[Stored records]

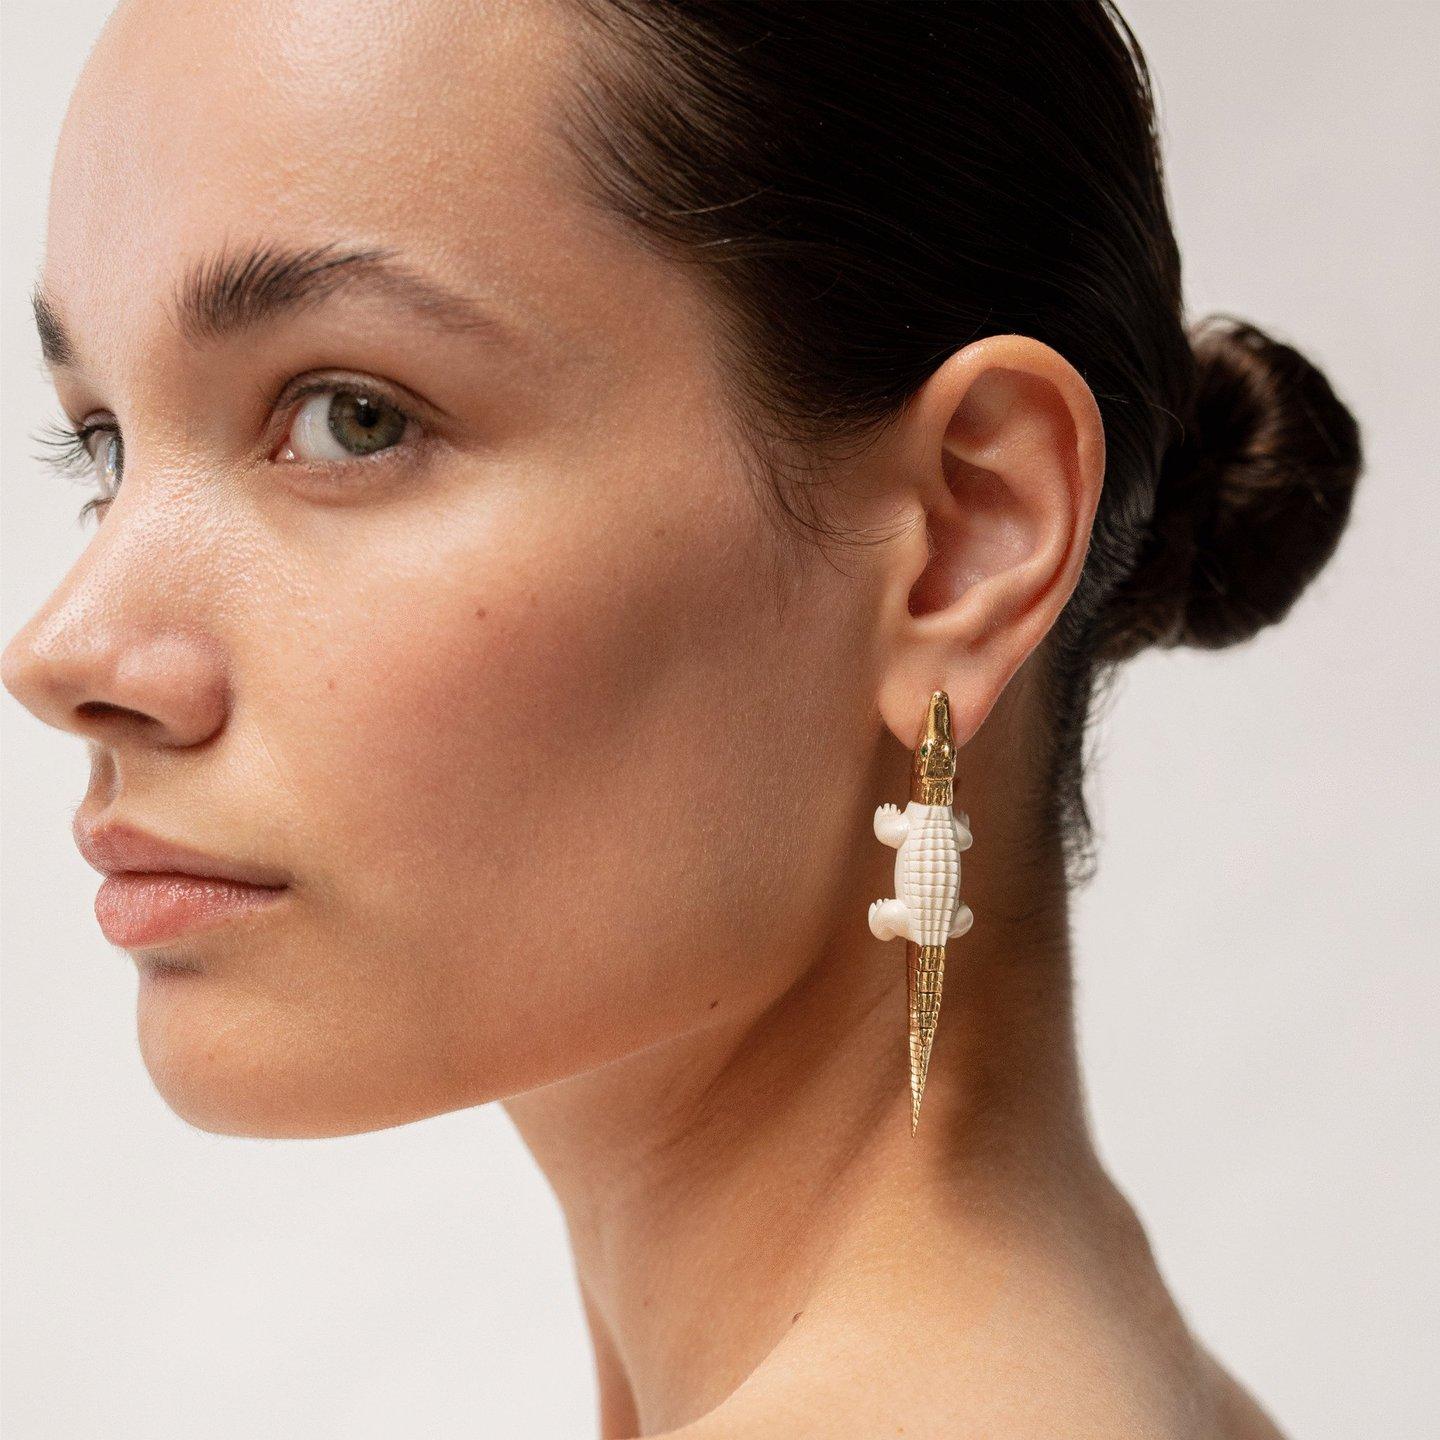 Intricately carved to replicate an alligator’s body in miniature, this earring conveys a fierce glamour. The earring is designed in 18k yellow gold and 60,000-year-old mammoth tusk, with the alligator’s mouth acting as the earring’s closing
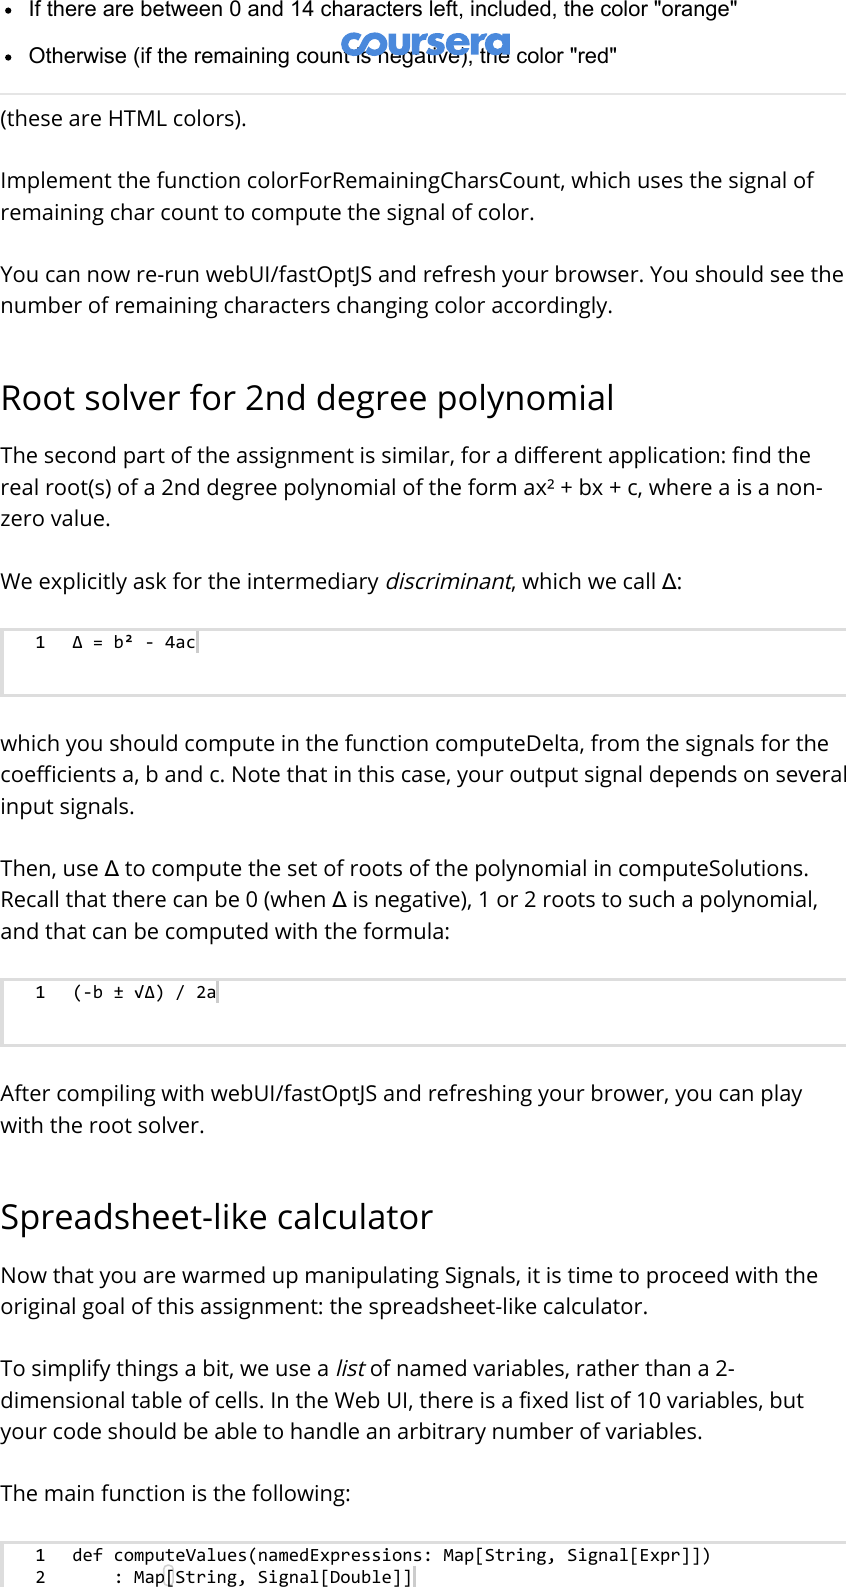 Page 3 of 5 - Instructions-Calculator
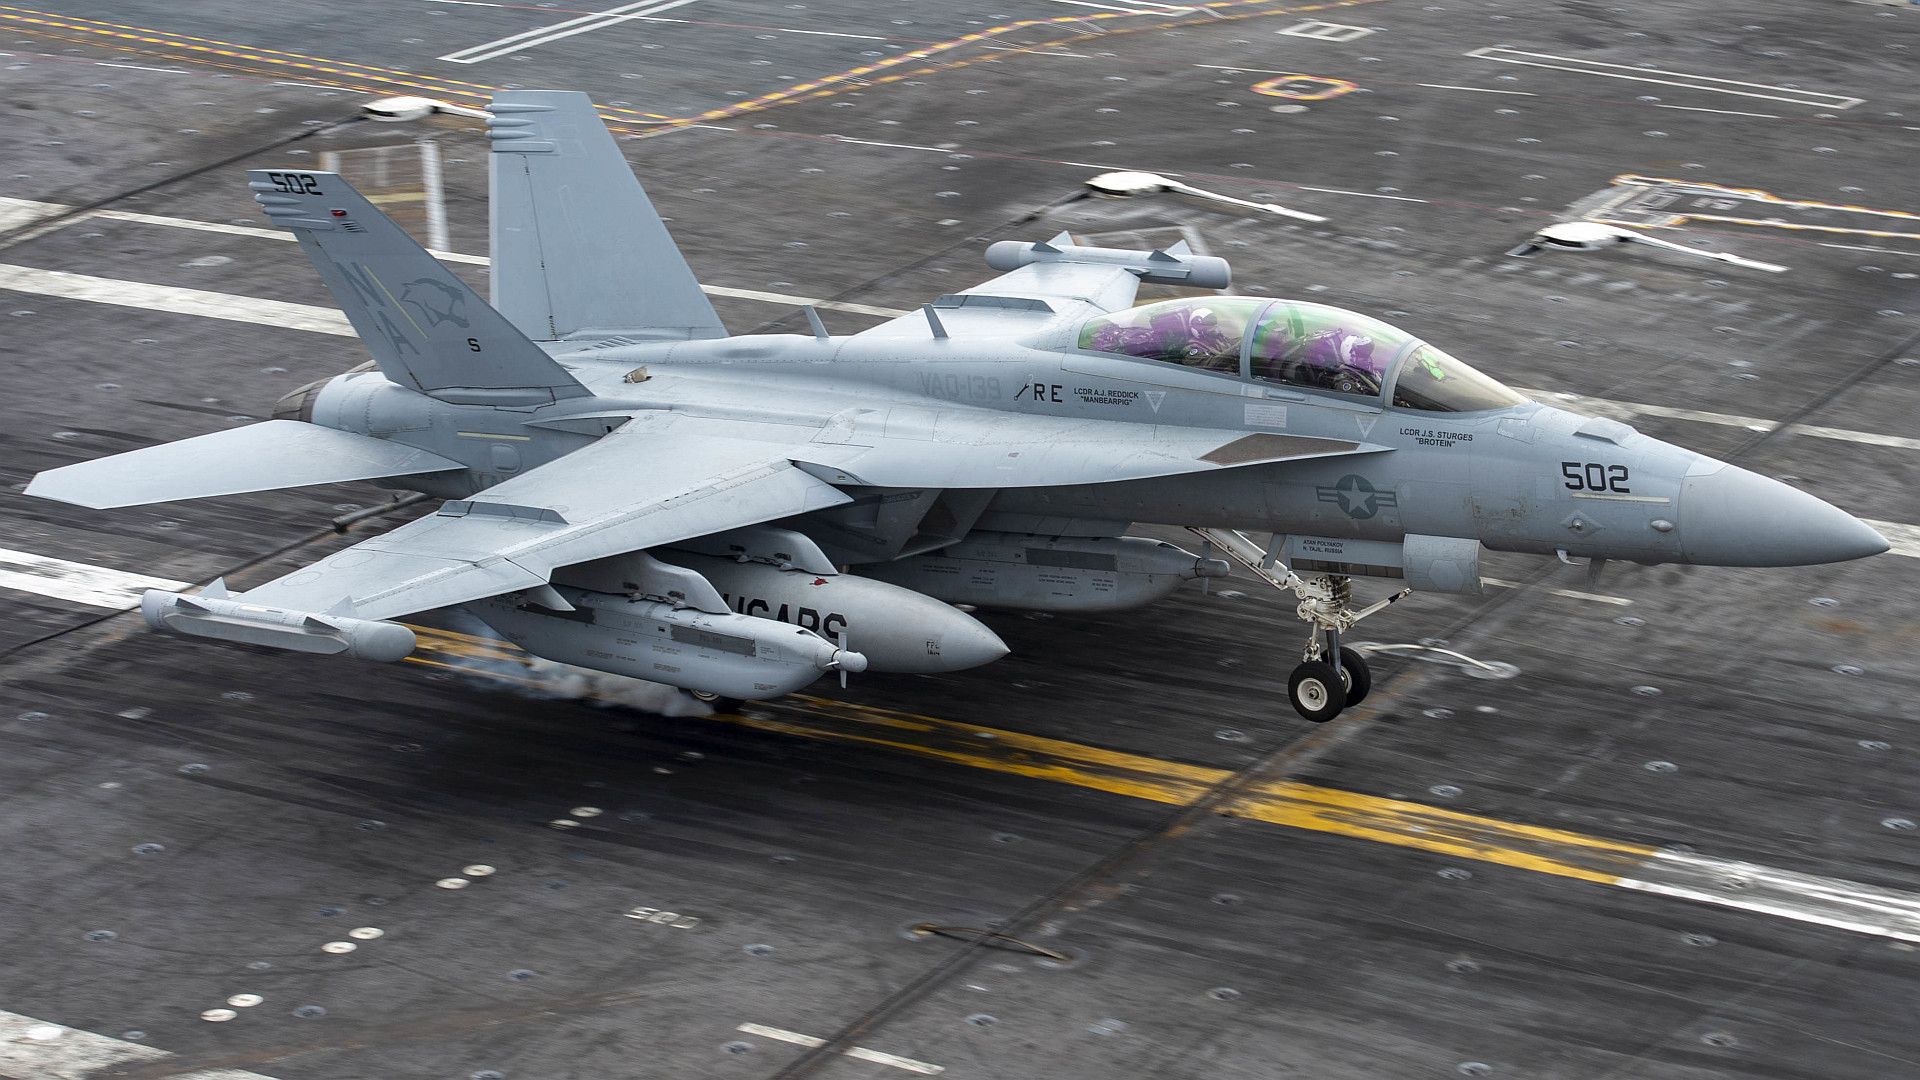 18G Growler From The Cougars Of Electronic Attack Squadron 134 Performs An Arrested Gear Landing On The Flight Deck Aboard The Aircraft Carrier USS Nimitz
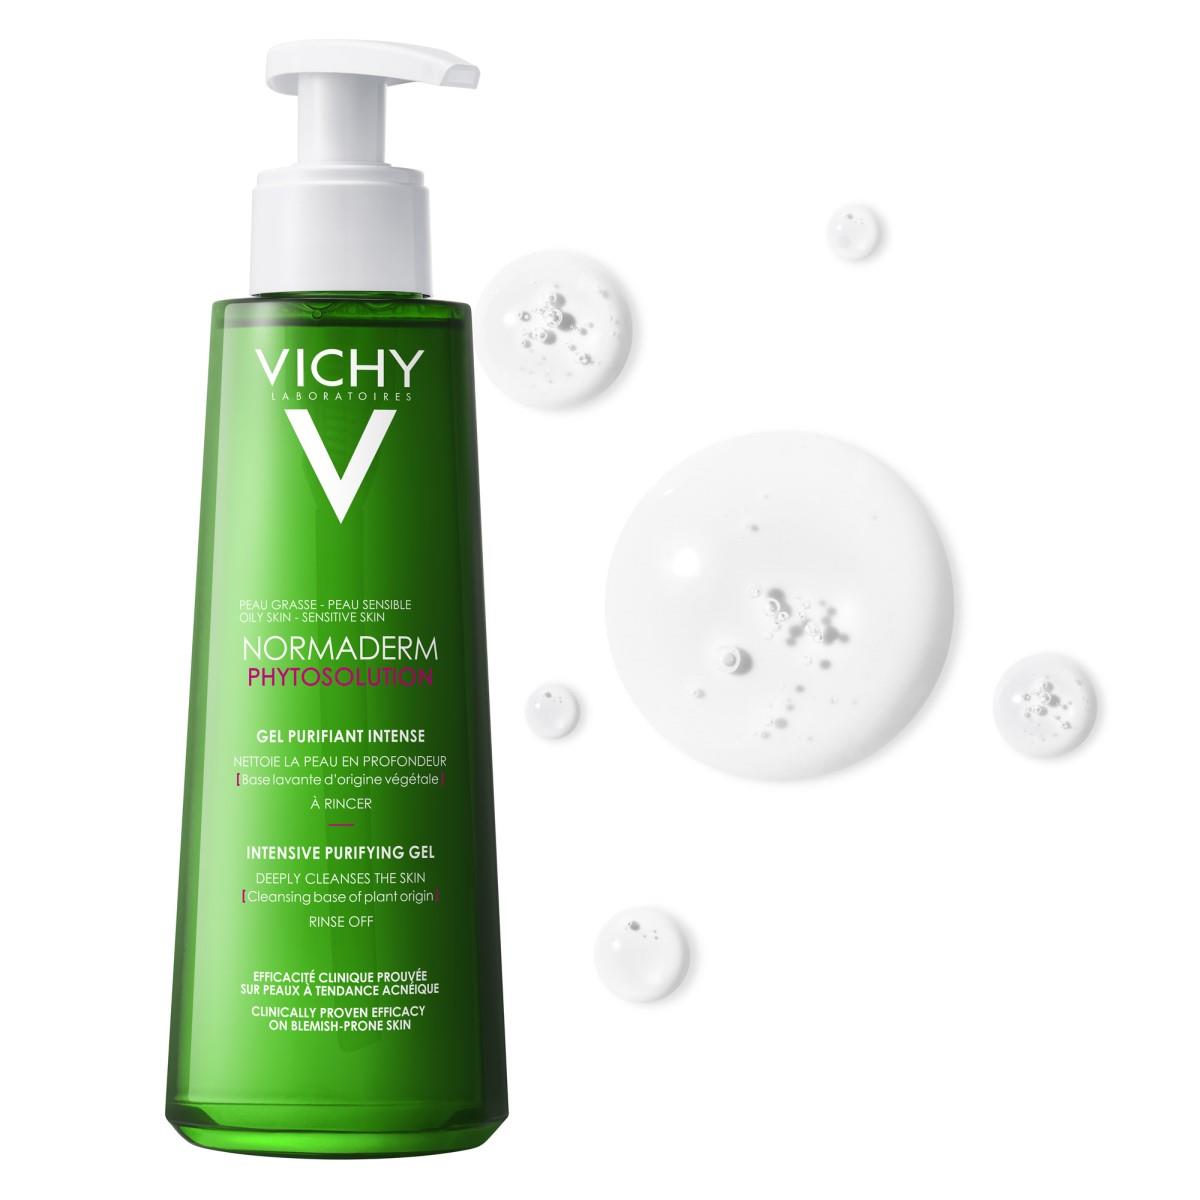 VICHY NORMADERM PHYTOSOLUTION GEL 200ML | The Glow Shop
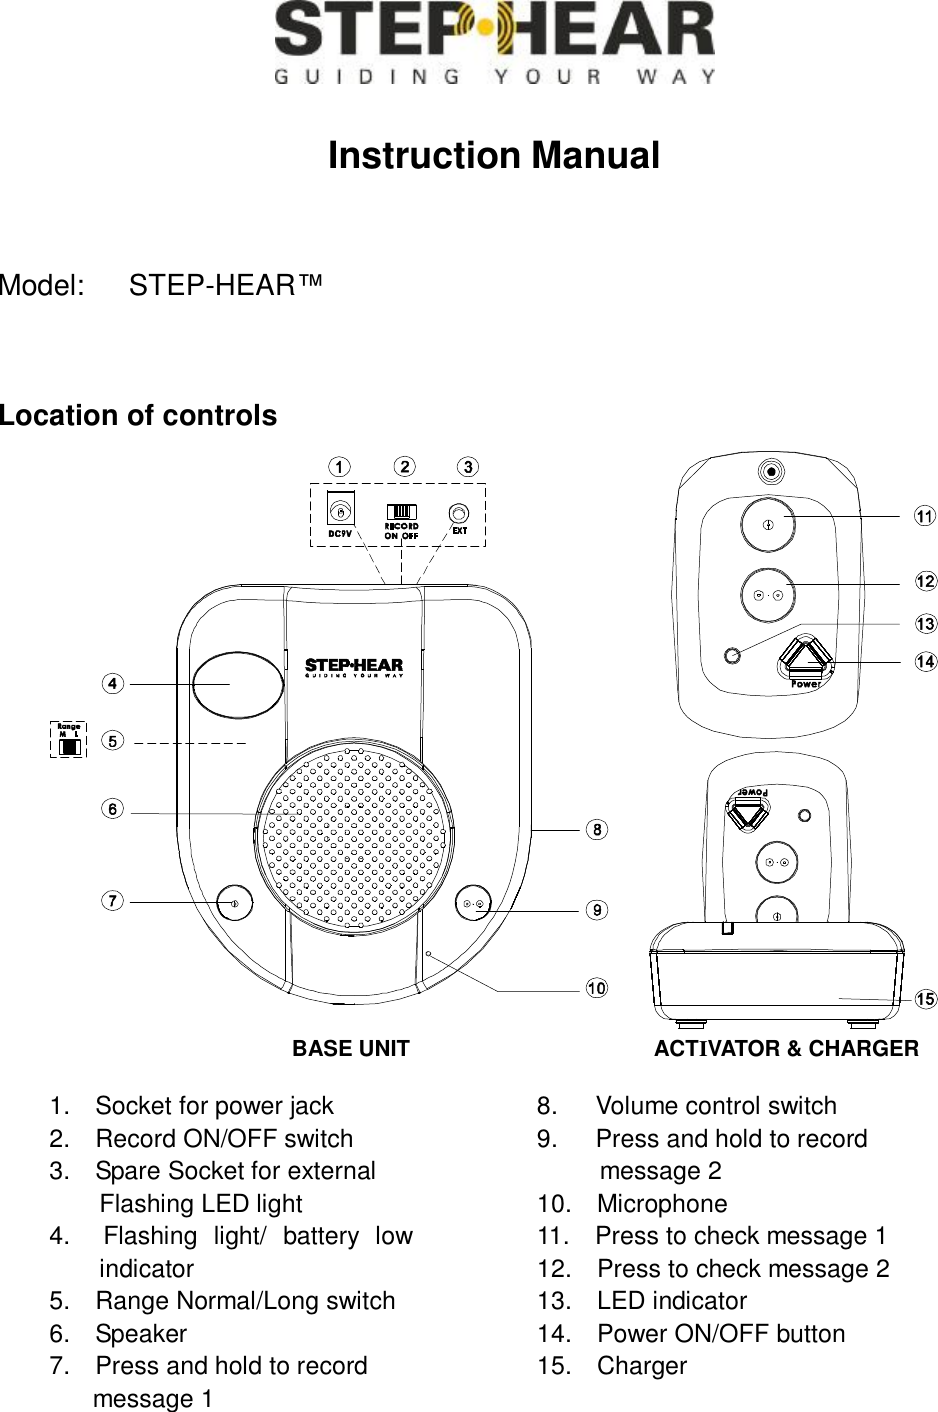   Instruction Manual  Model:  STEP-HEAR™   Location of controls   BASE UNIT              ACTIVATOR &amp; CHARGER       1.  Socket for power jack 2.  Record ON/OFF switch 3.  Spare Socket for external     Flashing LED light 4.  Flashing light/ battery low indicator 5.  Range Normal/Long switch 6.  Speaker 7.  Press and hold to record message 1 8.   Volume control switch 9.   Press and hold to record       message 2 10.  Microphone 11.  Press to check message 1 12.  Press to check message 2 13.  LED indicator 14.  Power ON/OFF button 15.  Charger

__About this task__.
From the first line to the last, set down the records word for word and drop the images.

__Expected output__.
 Intricately carved to replicate an alligator’s body in miniature, this earring conveys a fierce glamour. The earring is designed in 18k yellow gold and 60,000-year-old mammoth tusk, with the alligator’s mouth acting as the earring’s closing
 Page 3 of 5 - Instructions-Calculator
 18G Growler From The Cougars Of Electronic Attack Squadron 134 Performs An Arrested Gear Landing On The Flight Deck Aboard The Aircraft Carrier USS Nimitz
 VICHY NORMADERM PHYTOSOLUTION GEL 200ML | The Glow Shop
   Instruction Manual  Model:  STEP-HEAR™   Location of controls   BASE UNIT              ACTIVATOR &amp; CHARGER       1.  Socket for power jack 2.  Record ON/OFF switch 3.  Spare Socket for external     Flashing LED light 4.  Flashing light/ battery low indicator 5.  Range Normal/Long switch 6.  Speaker 7.  Press and hold to record message 1 8.   Volume control switch 9.   Press and hold to record       message 2 10.  Microphone 11.  Press to check message 1 12.  Press to check message 2 13.  LED indicator 14.  Power ON/OFF button 15.  Charger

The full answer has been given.